Even without applying the doctrine of res ipsa loquitur, petitioner's failure to construct a
firewall in accordance with city ordinances would suffice to support a finding of
negligence.

Even then the fire possibly would not have spread to the neighboring houses
were it not for another negligent omission on the part of defendants, namely,
their failure to provide a concrete wall high enough to prevent the flames from
leaping over it. As it was the concrete wall was only 2-1/2 meters high, and
beyond that height it consisted merely of galvanized iron sheets, which would
predictably crumble and melt when subjected to intense heat. Defendant's
negligence, therefore, was not only with respect to the cause of the fire but also
with respect to the spread thereof to the neighboring houses. [Africa v.
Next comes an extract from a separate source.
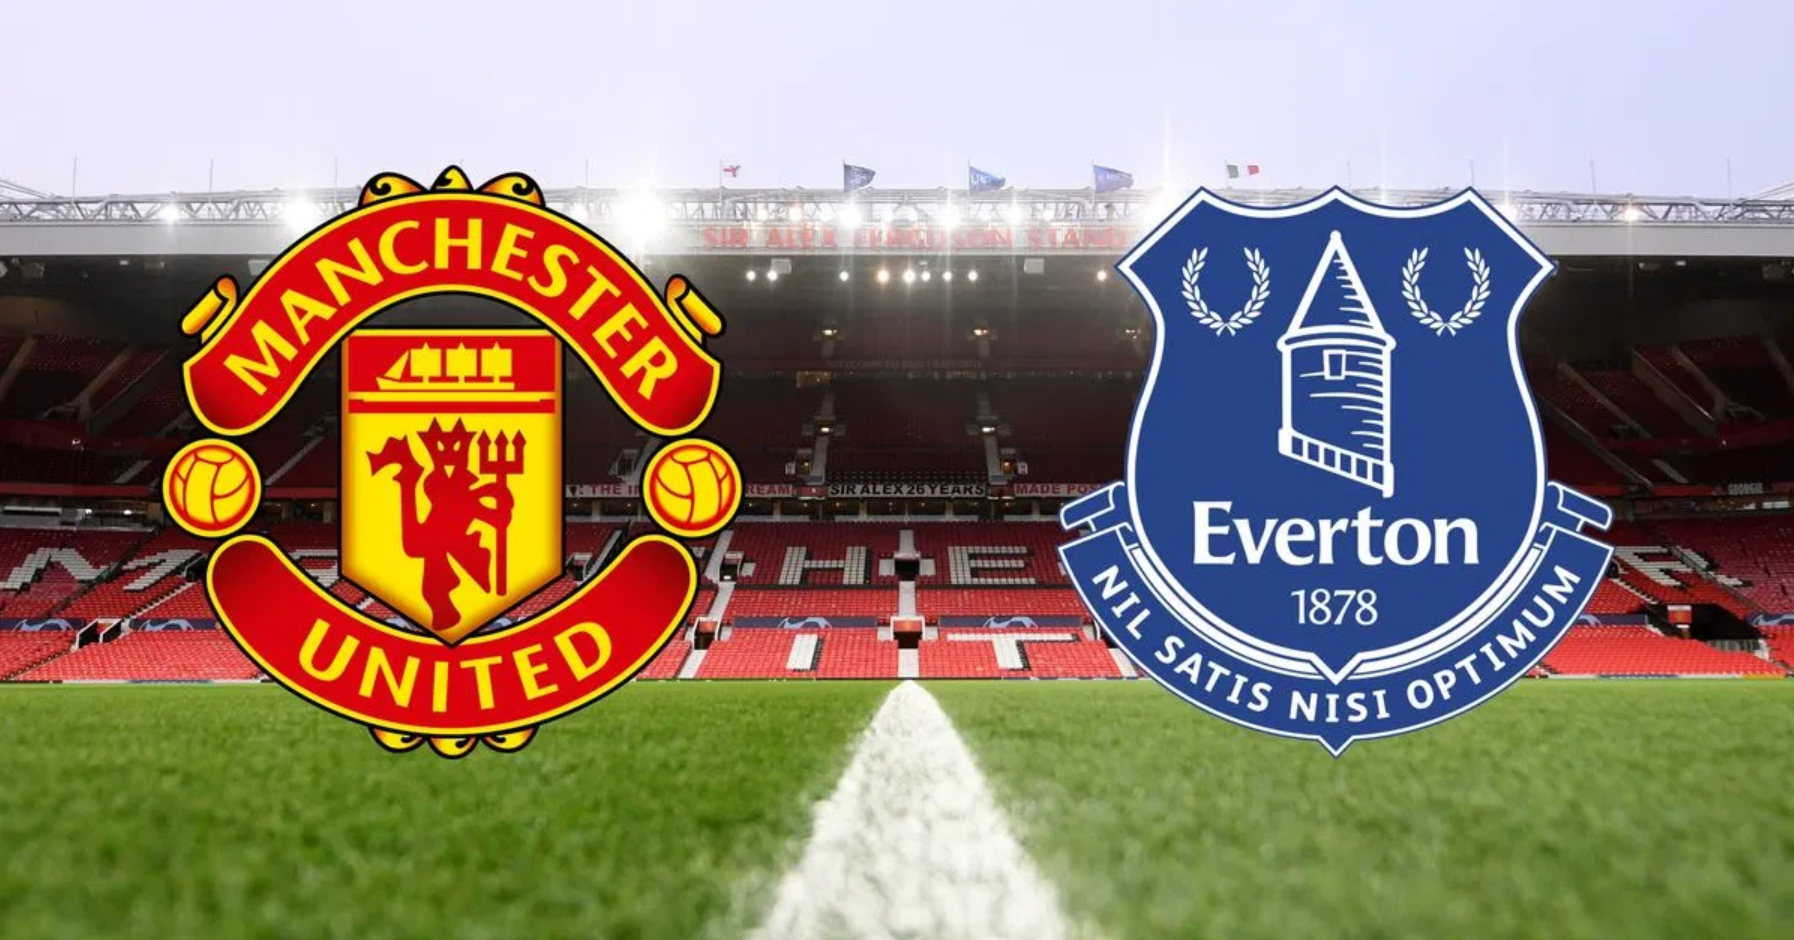 Man Utd Vs Everton 5 Talking Points Before Kick Off Don T Play Play Just Score Can Already

Caltex
(Phil.), Inc., supra; Emphasis supplied.]

In the instant case, with more reason should petitioner be found guilty of negligence since
it had failed to construct a firewall between its property and private respondents'
residence which sufficiently complies with the pertinent city ordinances. The failure to
comply with an ordinance providing for safety regulations had been ruled by the Court as
an act of negligence [Teague v. Fernandez, G.R. No. L-29745, June 4, 1973, 51 SCRA
181.]

The Court of Appeals, therefore, had more than adequate basis to find petitioner liable for
the loss sustained by private respondents.